Wie auch in anderen Bereichen - etwa der Flüchtlingshilfe - hat der schwache ukrainische Staat eine starke Zivilgesellschaft auf den Plan gerufen. Waffen dürfen zwar nicht von den Freiwilligen eingekauft werden, dafür aber schusssichere Westen, Helme, Knieschützer, Funkgeräte und Schutzbrillen. Als der Konflikt in der Ostukraine losbrach, fuhr ein Helfer von "Armija SOS" von Checkpoint zu Checkpoint, um zu sehen, was die Soldaten brauchen. "Sie hatten noch Helme aus der Sowjetzeit und alte Schuhe, die zu nichts taugen", erzählt Foschtschan. Er hält ein Paar dicke Armee-Stiefel in den Händen, mit dickem Leder und Fell gefüttert, die gerade aus den USA geliefert wurden. "Solche Schuhe trug ich selber - am Maidan", sagt er.
Hobby-Bastler bauen Drohen
Vor einem Jahr, als sich der Widerstand am Maidan, dem Kiewer Unabhängigkeitsplatz, sammelte, lieferte Foschtschan mit anderen Helfern gemeinsam noch Wurst und Käse aus, um die hungrigen Demonstranten zu versorgen.

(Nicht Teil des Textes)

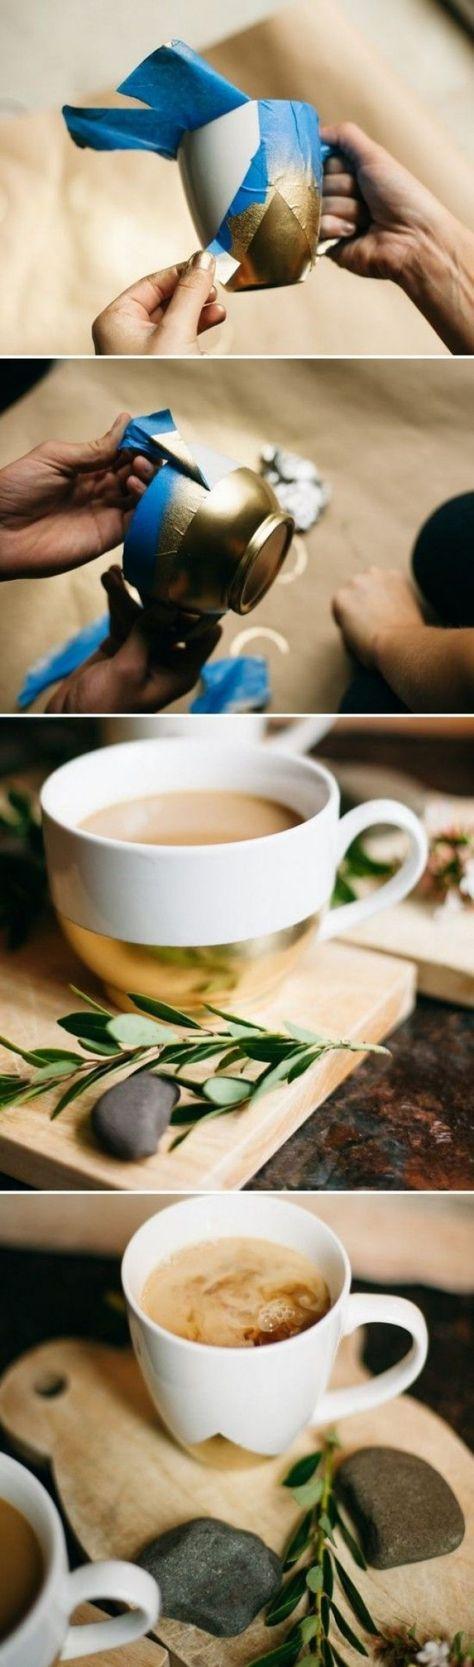 Avec du masking tape, formez un triangle à la base de votre tasse, vaporisez de la peinture en bombe dorée ou argentée, et retirez le scotch (masking tape), effet garanti !

Mit dem Konflikt hat sich für viele Freiwillige das Engagement verändert. Viele der damals als "Selbstverteidigungskräfte" des Maidan engagierten Männer kämpfen heute an der Front. Auch für Foschtschan ist kein Stein auf dem anderen geblieben.
Vor wenigen Wochen haben er und seine Kollegen einen weiteren Raum im Hinterhof angemietet, wo Hobby-Bastler jetzt Drohnen für die Ostukraine bauen. Rund 20 unbemannte Flugzeuge sind schon in der Ostukraine im Einsatz, schätzt Foschtschan. Er lacht verhalten. "Dieses Jahr sind wir zu richtigen Tausendsassas geworden - ob wir das nun wollten, oder nicht."